Switzerland is already known for a high quality of life, with more disposable income per household than many other developed countries and ranked as one of the happiest countries in the world.

But now the Swiss will head to the polls on Sunday to vote on what would be the world's highest minimum wage. The measure would create a national baseline pay of 22 Swiss francs per hour, or about $25. That would guarantee a monthly rate of 4,000 francs a month, or almost $4,500. The U.S. minimum wage, by comparison, is less than one-third of what Switzerland is proposing, at $7.25 per hour.

The campaign was prompted by Switzerland's largest trade union, the SGB, which told CNBC that the measure is seeking to protect the majority of Swiss workers, given that the country doesn't currently have a baseline wage. Nevertheless, the Swiss possess one of the highest standards of living, with the average household enjoying per-capita disposable income of almost $31,000 per year, or about 28 percent higher than the average for all countries in the Organisation for Economic Co-operation and Development.

The proposal faces opposition from both businesses and Swiss citizens, while the government warned earlier this year that a 22-franc baseline wage would threaten the country's competitiveness and likely inadvertently hurt low-income workers.

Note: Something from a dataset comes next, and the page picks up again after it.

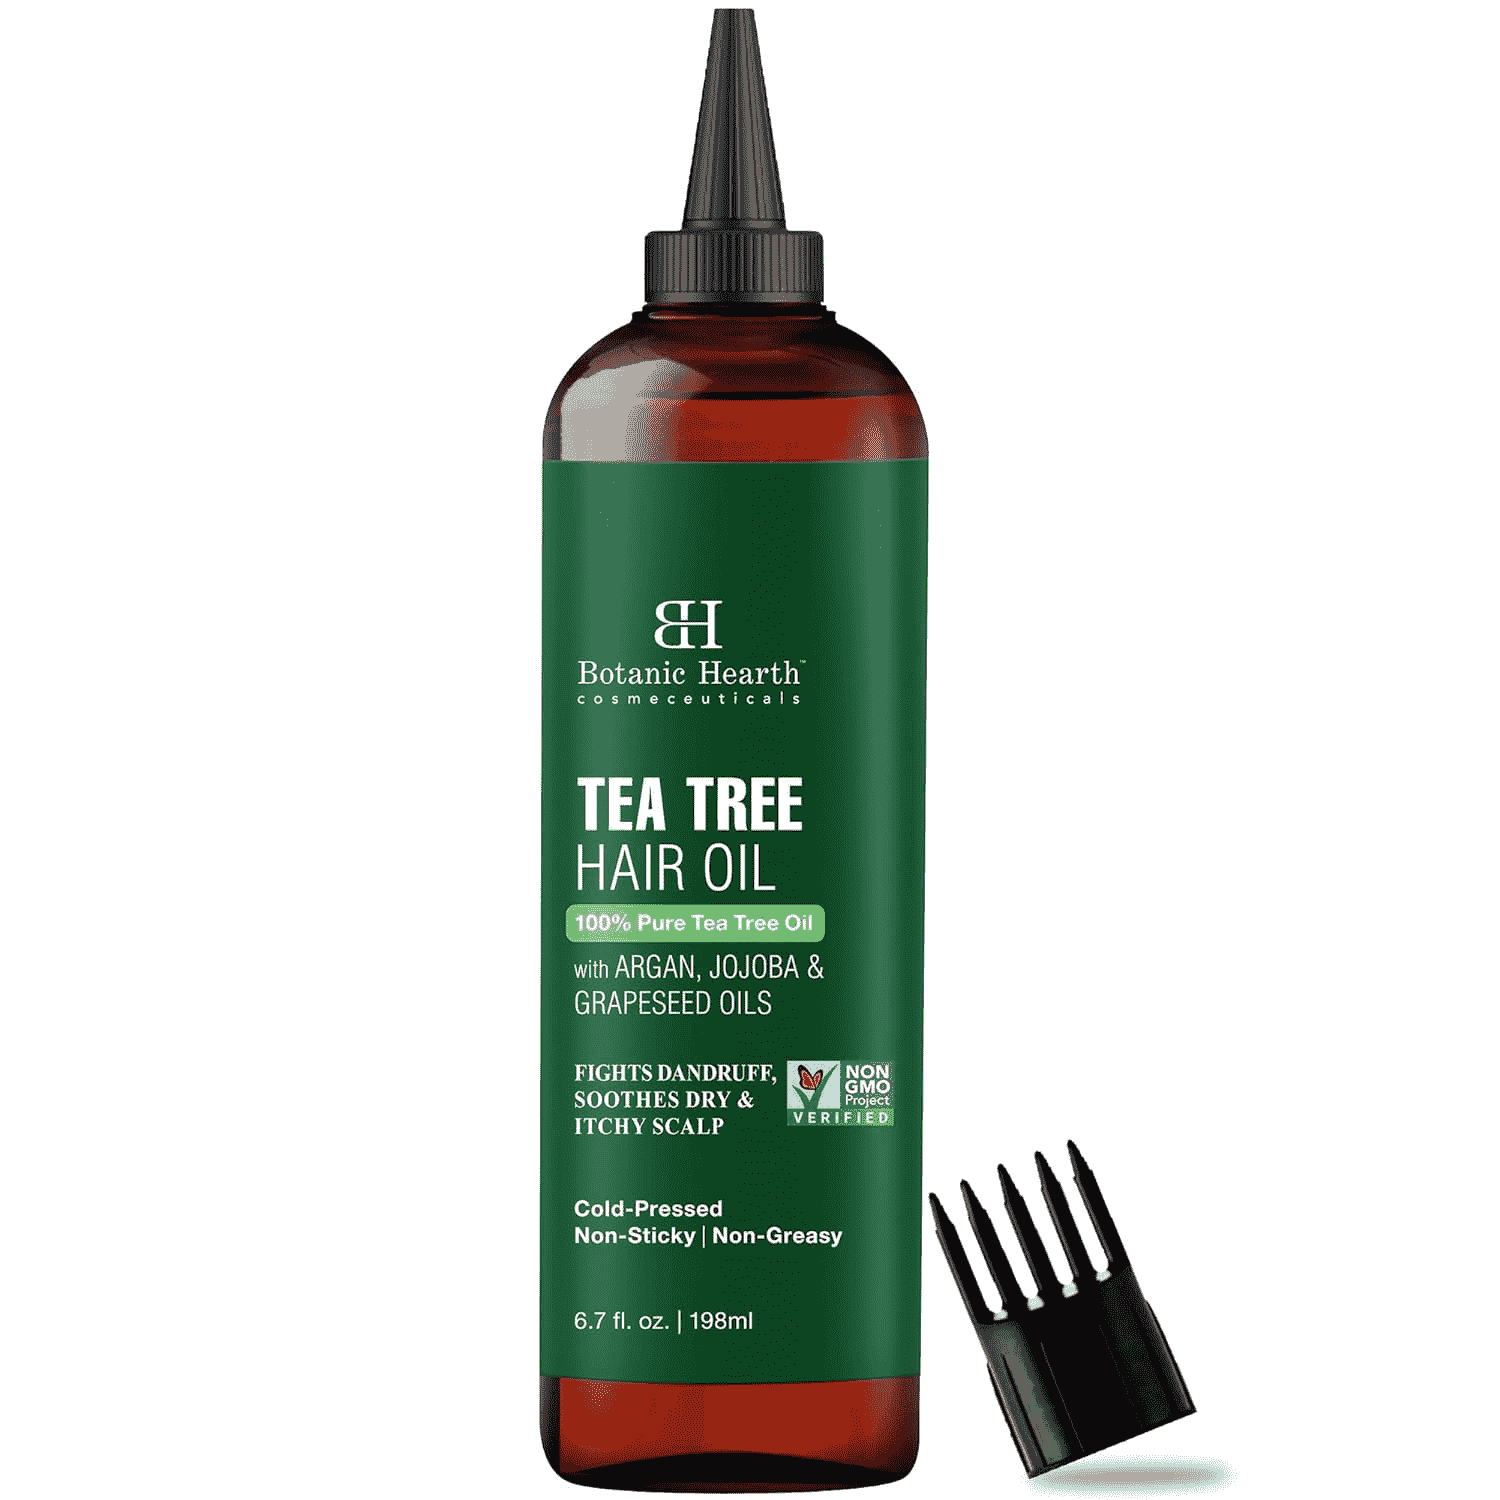 Tea tree hair oil
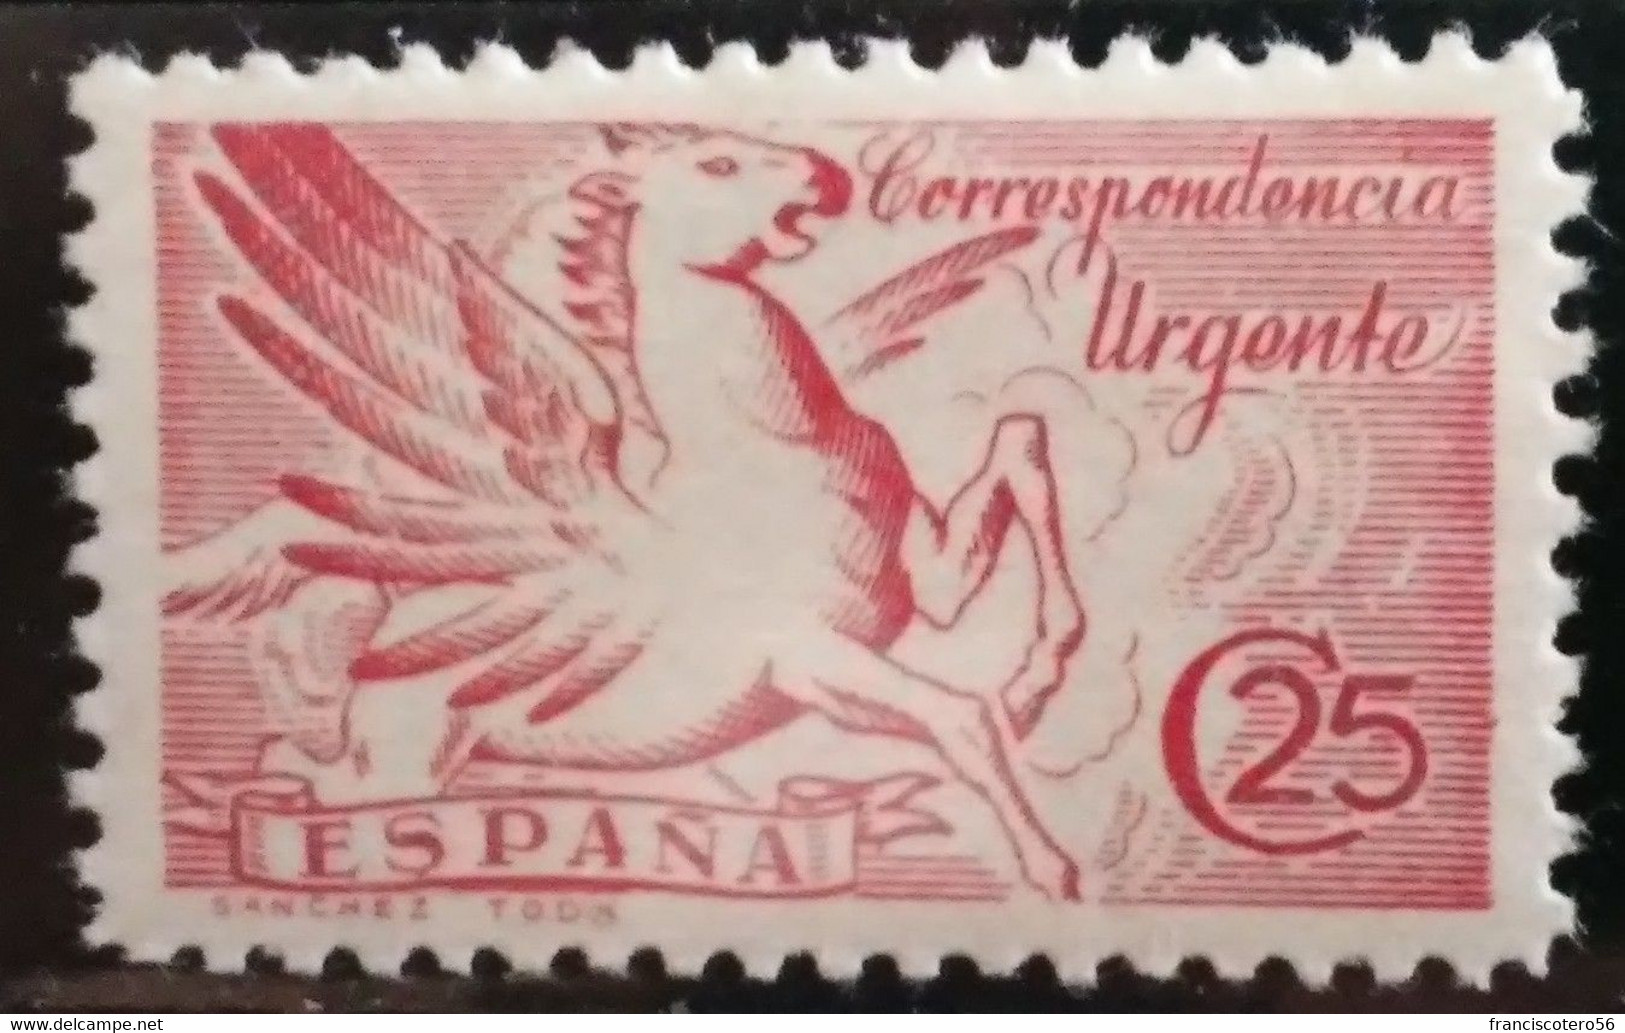 España: Año. 1939 - Estado - Español. Urgente Con El Apellido Del Grabador - (Sánchez Toda). - Special Delivery

"It's obviously going to drive up labor costs and we would expect the unemployment rate to go up as a result," said Richard Dutu, an economist at the OECD, told CBS MoneyWatch. "Besides, Switzerland has a good track record in the transition between education and the labor market. A high minimum wage would threaten this smooth transition."

The SGB argues that the lack of a minimum wage hurts about 330,000 workers, most of whom are female and earn less than 4,000 francs per month, which the group says is too low to live on given the country's high cost of living. The SGB didn't immediately return a request for comment.

Geneva and Zurich are among the world's most expensive cities, according The Economist's Worldwide Cost of Living 2013 report. The average cost of a loaf of bread is more than $6 in Zurich, the survey found.

Still, it's unlikely that the vote will be successful, given concern from many in Switzerland about how a the world's highest mandated wage would impact the country's competitiveness, Dutu said.

"It's unlikely that this is going to go through" because many voters "are afraid it is going to jeopardize the attractiveness of the Swiss economy," he noted.

The push echoes growing global concerns about wage inequality and the plight of low-wage workers. Fast-food strikes expanded globally this week, with workers at McDonald's (MCD) and other restaurants protesting what many say are poverty wages.

In the U.S., President Obama is pushing for a $10.10 minimum wage, which some economists have said would lift 5 million Americans out of poverty. While the debate continues at the federal level, some states, such as Vermont, have already passed legislation to raise their baseline wages above the country's $7.25 minimum wage.